From an internet success-story standpoint, my blog wasn't slick, or laser focused toward a particular market or reader or niche. One day I'd write about eating a Paleo diet, the next I'd be blogging about writing and the next time about my kids. I'd publish a post and then cringe, waiting for a negative reaction, or worse, no reaction at all.

What was the point of putting myself out there like that?

I slowly lost my momentum, lost my way among the millions of voices that I felt were drowning out my own. And then came a comment from a neighbor that I allowed to shut me down completely. It happened a year or so ago. It was shaming, condescending and bitter. The commenter warned that I should be grateful for my lot in life when so many people out there can't even relate to how good I have it.

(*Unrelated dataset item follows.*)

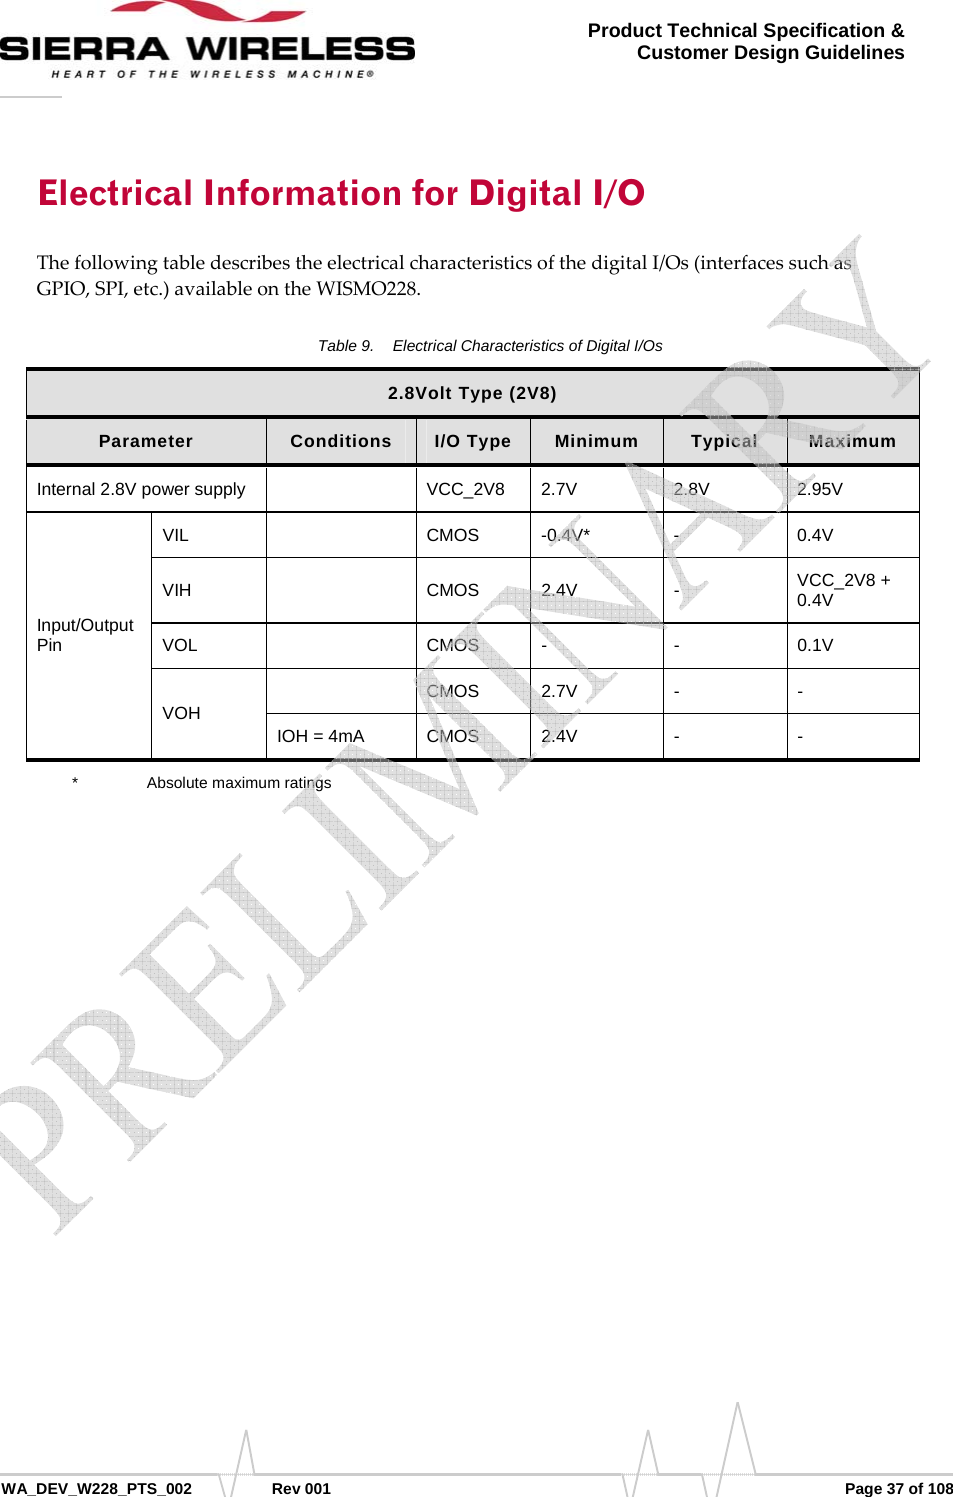      WA_DEV_W228_PTS_002 Rev 001  Page 37 of 108 Product Technical Specification &amp; Customer Design Guidelines Electrical Information for Digital I/O ThefollowingtabledescribestheelectricalcharacteristicsofthedigitalI/Os(interfacessuchasGPIO,SPI,etc.)availableontheWISMO228.Table 9.  Electrical Characteristics of Digital I/Os 2.8Volt Type (2V8) Parameter  Conditions  I/O Type  Minimum  Typical  Maximum Internal 2.8V power supply    VCC_2V8  2.7V  2.8V  2.95V Input/Output Pin VIL   CMOS -0.4V* -  0.4V VIH   CMOS 2.4V  -  VCC_2V8 + 0.4V VOL   CMOS -  -  0.1V VOH  CMOS 2.7V - - IOH = 4mA CMOS 2.4V  -  - *    Absolute maximum ratings

I wrestled with this critique for days, growing by turns angry, indignant and ashamed.

My final decision to stop blogging was based on the premise that other people didn't deserve to know what was going on inside my head or in my life. I decided to view it as a luxury best reserved for a small group of supportive friends. Or a decent therapist.

My days of intensely personal online sharing were over.

But by now I was a personal trainer with a small and loyal following, I'd published my second novel, my kids were older and people, in spurts, started telling me that they missed my blogs. I had started to miss them too, and by growing older I'd grown wise enough to practice the craft of not giving a shit about what anyone who didn't matter thought of me. The conclusion that people didn't deserve my innermost thoughts loosened a little, changed shape. Or maybe it tightened around my throat, suffocating the creative force that ultimately drives me.

In the end I rediscovered that I write for myself—for my own therapy, catharsis, thought organization, goal sussing, fun-making. I write for the readers out there who CAN relate. Those who don't can read something else—but if they do come around, offer their character assessment or even laugh at me, they're just broadcasting their own misery.